Slide 3 cites “Security Challenges in AI Agent Deployment: Insights from a Large Scale Public Competition” (arXiv) — attack-success rate on prompt-injection challenges, by model:

ModelASRProvider
Llama 3.3 70B6.7%Meta
Pixtral Large6.1%Mistral
Llama 3.1 405B5.9%Meta
o3 Mini:High4.9%OpenAI
Nova Lite v14.5%Amazon
Nova Micro v14.4%Amazon
Grok 24.4%xAI
o3 Mini4.3%OpenAI
Nova Pro v13.9%Amazon
Command-R3.8%Cohere
o32.9%OpenAI
GPT 4.52.7%OpenAI
o12.7%OpenAI
GPT 4o2.5%OpenAI
3.5 Haiku2.4%Anthropic
3.5 Sonnet1.9%Anthropic
3.7 Sonnet1.7%Anthropic
3.7 Sonnet:Thinking1.5%Anthropic

Slide 4 grounds the abstract numbers in four incidents (headlines verbatim from the deck). Each now has a wiki incident page (ingested 2026-05-03 from primary sources):

Bullen’s framing (transcript): “even a 0.1% failure chance on attack is not enough … we need something better than just relying on the models.” He believes prevalence in consumer settings will get worse before better.

The two guardrails

Guardrail 1: Prevent egress

The Lethal Trifecta is Private Data + Untrusted Content + External Communication.
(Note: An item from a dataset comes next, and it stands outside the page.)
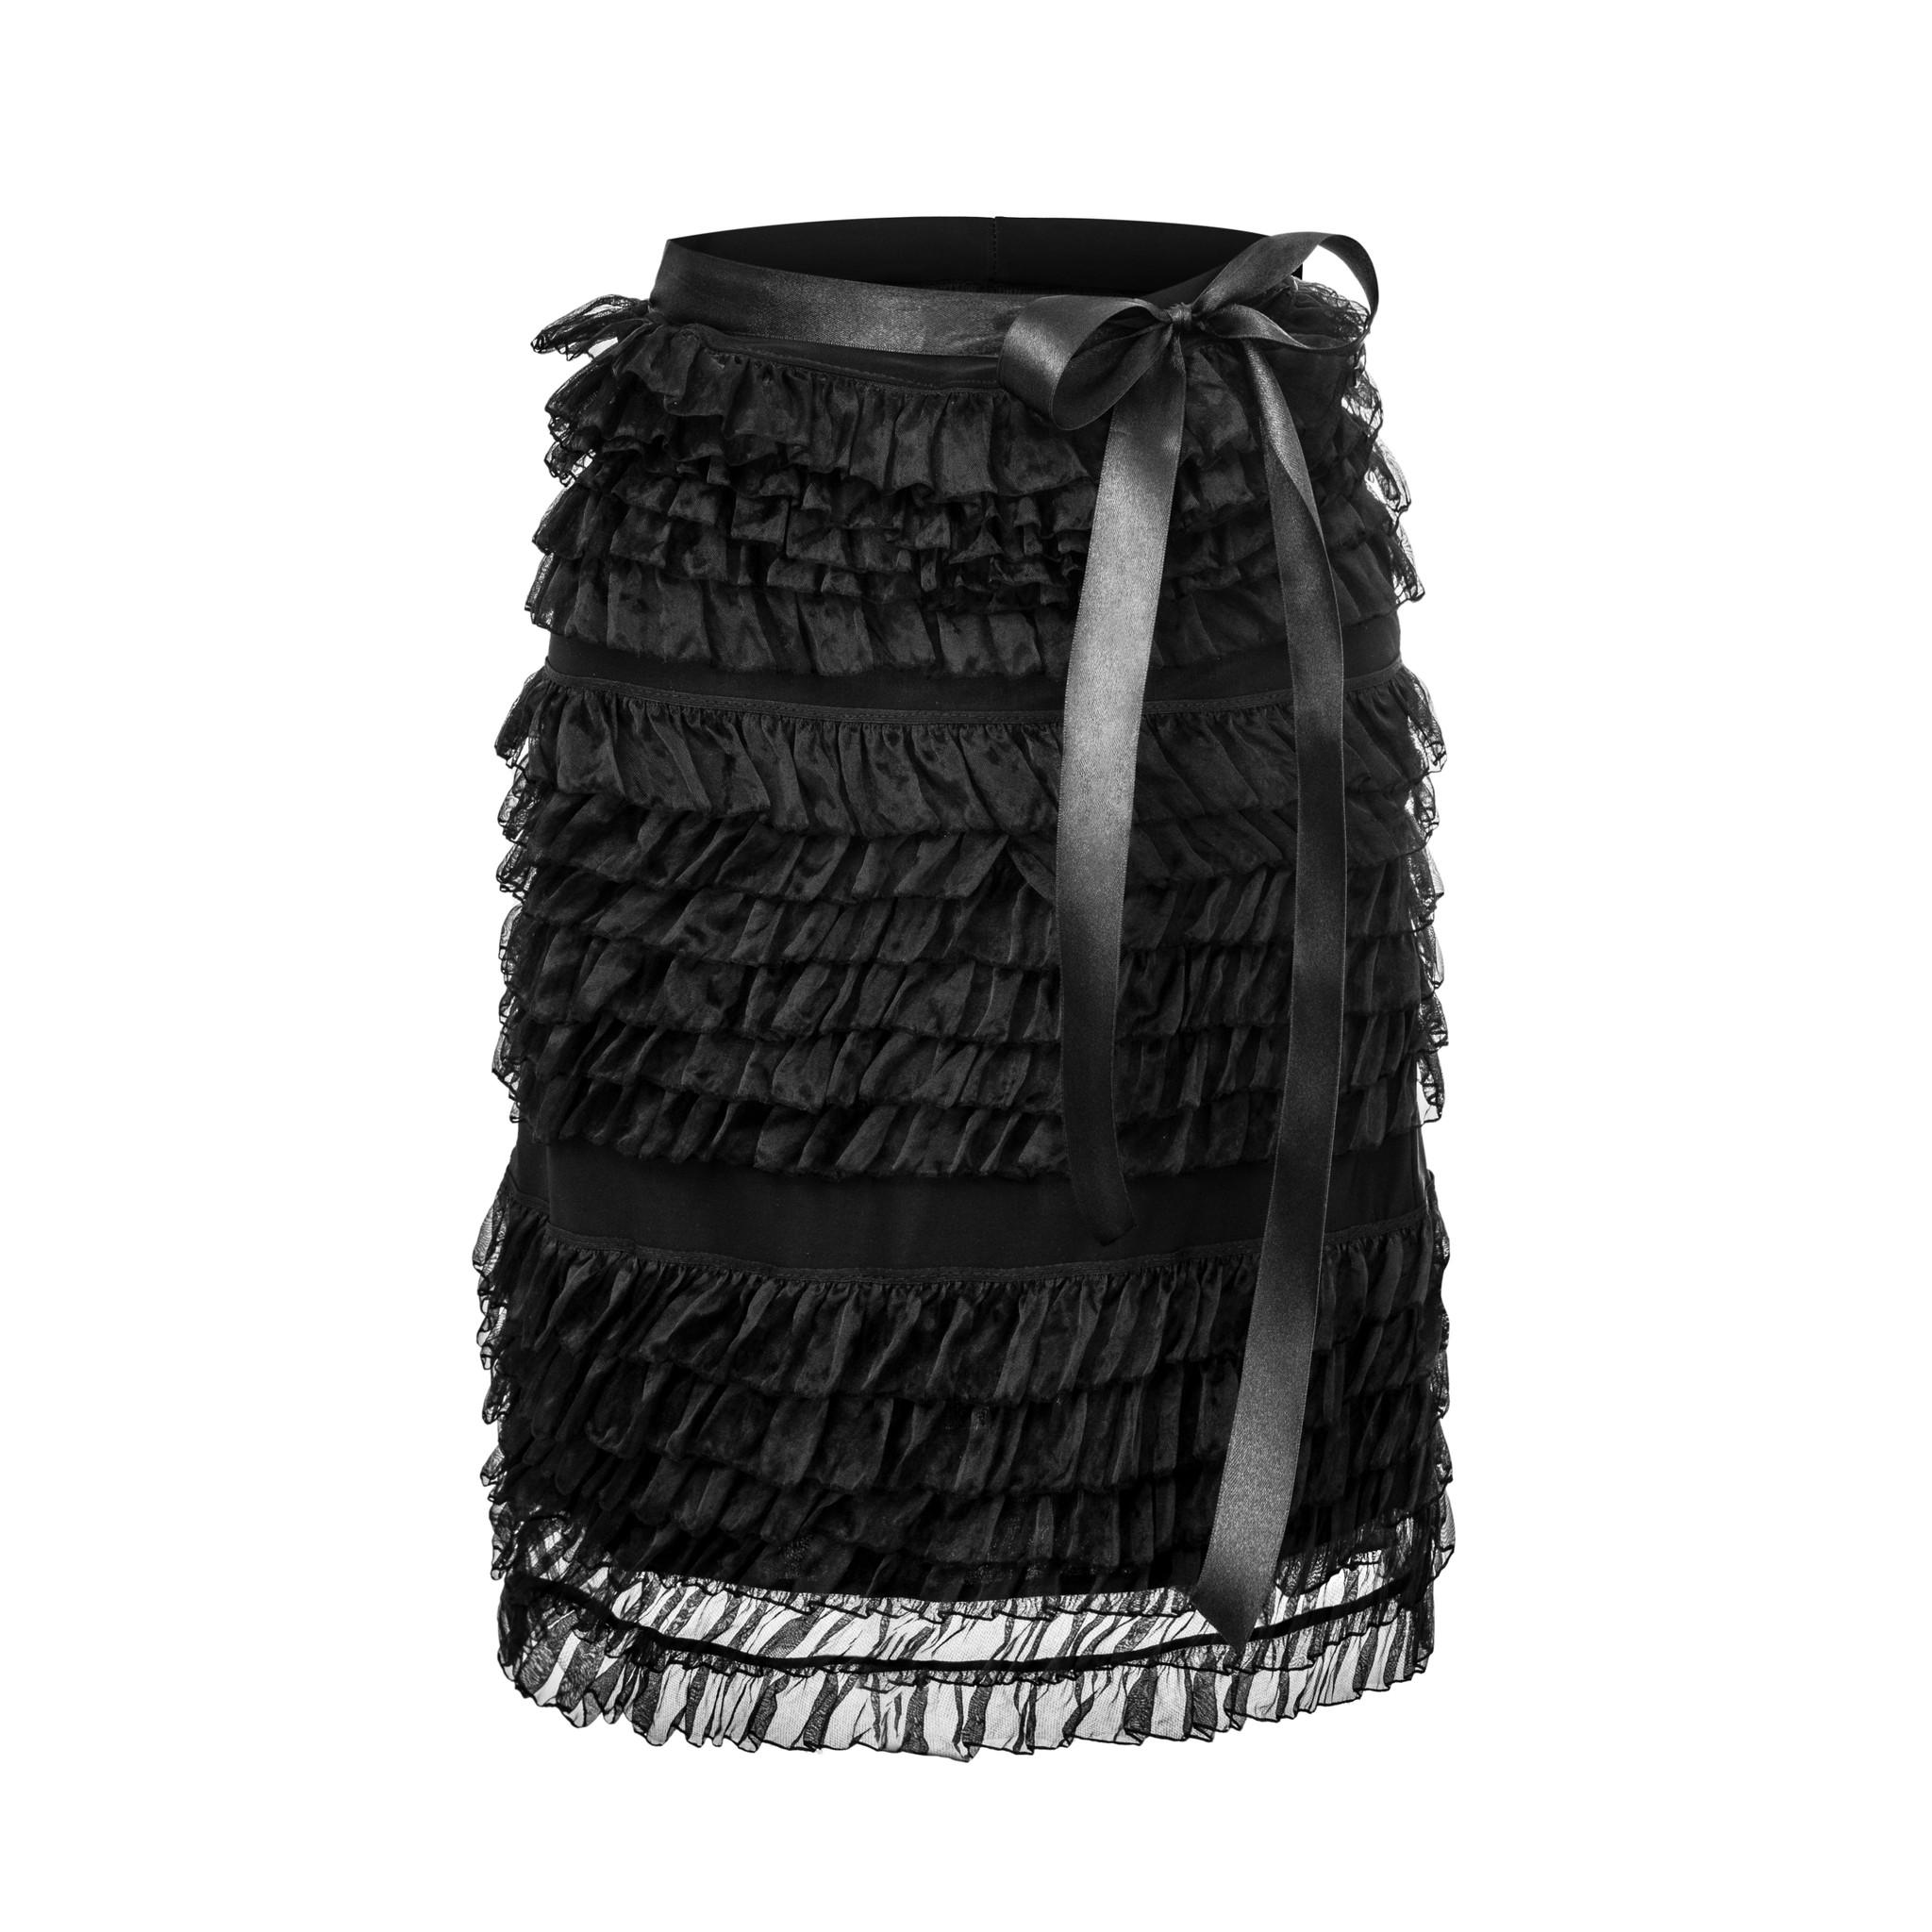 Prosta spódnica udekorowana falbankami i atlasowa wstązką na pasie Skład wiskoza 50 bawełna 50

Bullen’s argument (transcript) is feasibility:

Trifecta legCan Stripe remove it across the agent estate?
Untrusted ContentNo. “A big part of why LLMs are useful is that you can throw a bunch of stuff at them”; attackers are creative about smuggling injection into content surfaces.
Private DataNo. “At Stripe we have a lot — support tickets, emails, etc. Many agents need it.”
External Communication (egress)Yes — the only feasible leg.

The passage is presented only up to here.